Студеный февральский ветер швырялся снежной крупой. Скрипели обледенелые деревья, редкие тучи мчались по бледному небу. В такой день, студеный и ясный, вспомнился тот, далекий, который не могли изгладить, стереть в памяти годы. День, когда она провожала Тараса. Провожала, чтобы никогда больше не увидеть.

Уже заводили крытые брезентом грузовики, а Тарас все объяснял, что будет писать и домой, и на главную почту, и в госпиталь…

Елена Ивановна взяла почтовый бланк.

Далекий край. Далекая область. Поплыл от весов к другим посылкам деревянный ящичек. Сухое печенье «камешки», которое напекла. Теплый, толстый свитер, купленный в магазине спорттоваров, вместо вычурных цветастых, что дарил Николай.

А институт никуда от человека не денется и в двадцать пять.

Не хотелось возвращаться домой к привычным делам, к вещам, вызывающим теперь вовсе не радостные мысли. Может, пойти в театр? Давно не была в опере. Все равно какой спектакль. Лишь бы послушать музыку.

«Кармен». Пусть «Кармен». Даже лучше, что именно эта опера.

Сидела, забыв о своих тревогах и заботах. Хорошо, что пошла на дневной спектакль. Можно еще побродить по городу, где-нибудь в кафе пообедать. А потом — в кино. Как мальчишка, который вырвался «на свободу» и смотрит подряд три фильма!

По-прежнему с непостижимой быстротой полетели дни, заполненные работой, но настроение Елены Ивановны стало иным. Постепенно, как после тяжелой болезни, с прежней увлеченностью возвращалась она к привычным делам. А когда встретился возле автобусной остановки ее сосед, проводивший как-то домой, то в ответ-на его приветствие она улыбнулась, села с ним в автобус и охотно отвечала на его вопросы о самочувствии, о том, что пишет сын.
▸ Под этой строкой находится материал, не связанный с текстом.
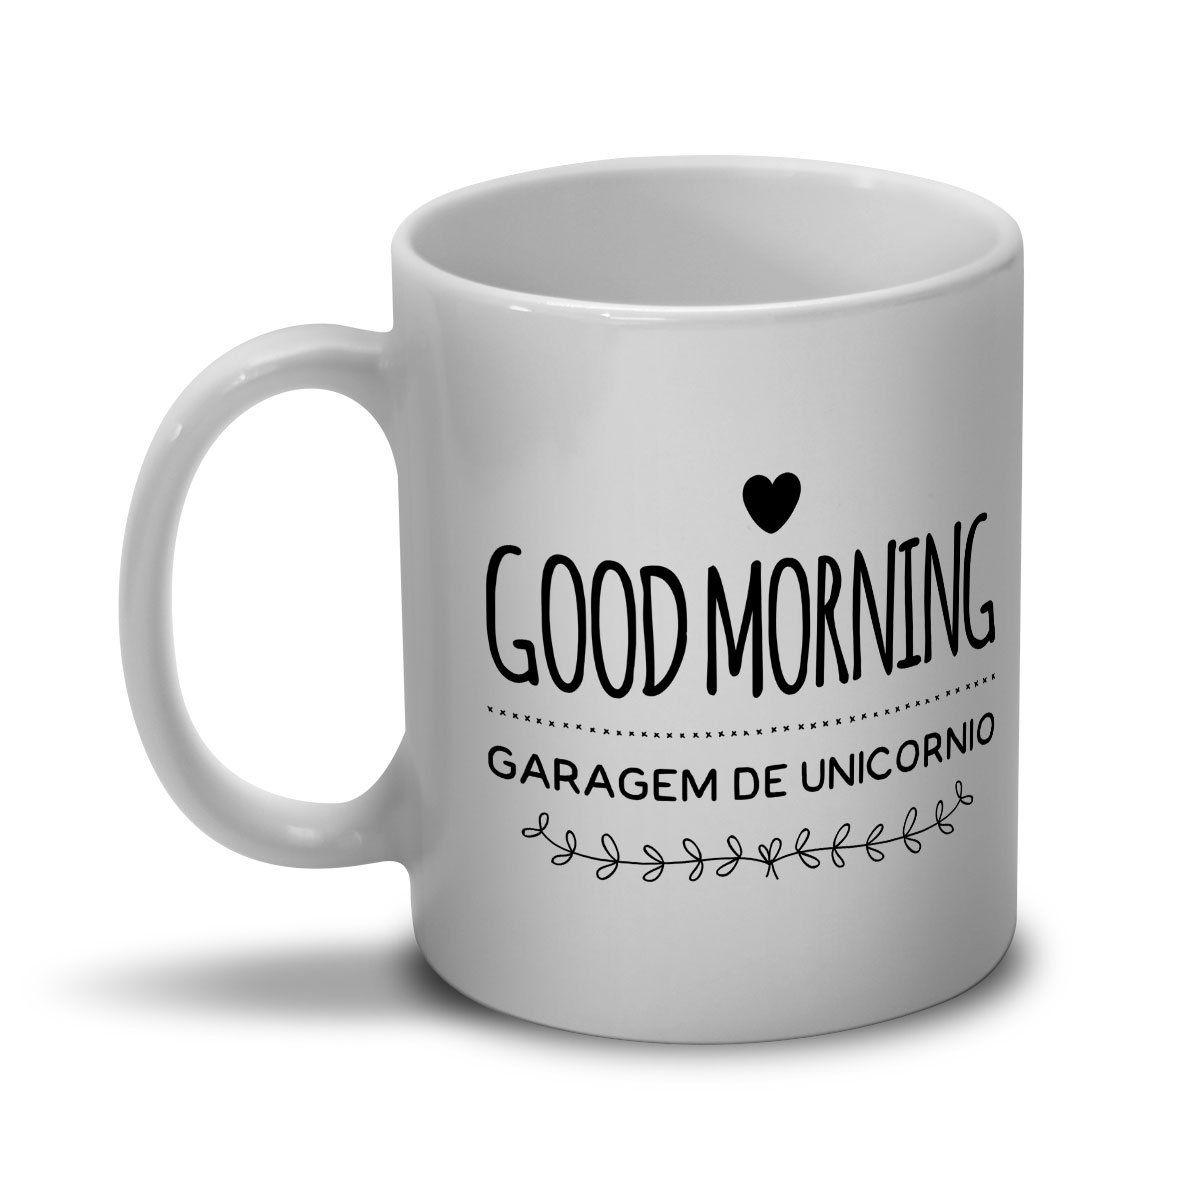 Caneca Monstra Maçã Good Morning Garagem de Unicórnio

— Но я даже не знаю вашего имени, отчества.

— Владимир Федорович Хохлов, — ответил он. — Преподаватель русского языка и литературы. Вася у меня учился в седьмом и восьмом классах.

— Ах так? Тогда простите! — смутившись, проговорила Елена Ивановна. Только теперь она припомнила Владимира Федоровича. Но до чего же глупо себя вела.

— Не нужно извиняться, — с веселой усмешкой сказал Владимир Федорович. — Ведь я сначала все принял за шутку и только потом сообразил, что вы, в самом деле, меня не узнали. Действительно, заговаривает чужой человек на улице, — впору и милиционера кликнуть. Значит, Вася в геологической экспедиции? Я так и думал.

— Почему вы так думали?

— Было в нем что-то… Острое восприятие жизни. Свое отношение ко всему.

— Что ж это было, в чем выражалось? — Хотелось, чтобы он побольше говорил о сыне.

— Носился он как-то с мальчишками на велосипеде. И собачонка мчится с лаем за ними. Вдруг — грузовик. Дворняжка шарахнулась от машины Васе под колесо. У него справа грузовик, слева — обрыв. Как он тогда не убился. Ребята потом рассказали. И вот при всей его доброте был он нетерпим к слабостям. Вернее к тому, что мы привыкли называть слабостями. Не прощал их ни учителям, ни товарищам, ни самому себе.

Глава 17

Любезнов все еще лежал в лазарете, хотя опасность давно миновала, и с удовольствием принимал уход и заботы «милой докторины». Утром Маринка приносила ему фруктовый сок. Дзюба готовил вкусные блюда. Татьяна, приступая к перевязкам, ласково уговаривала его потерпеть.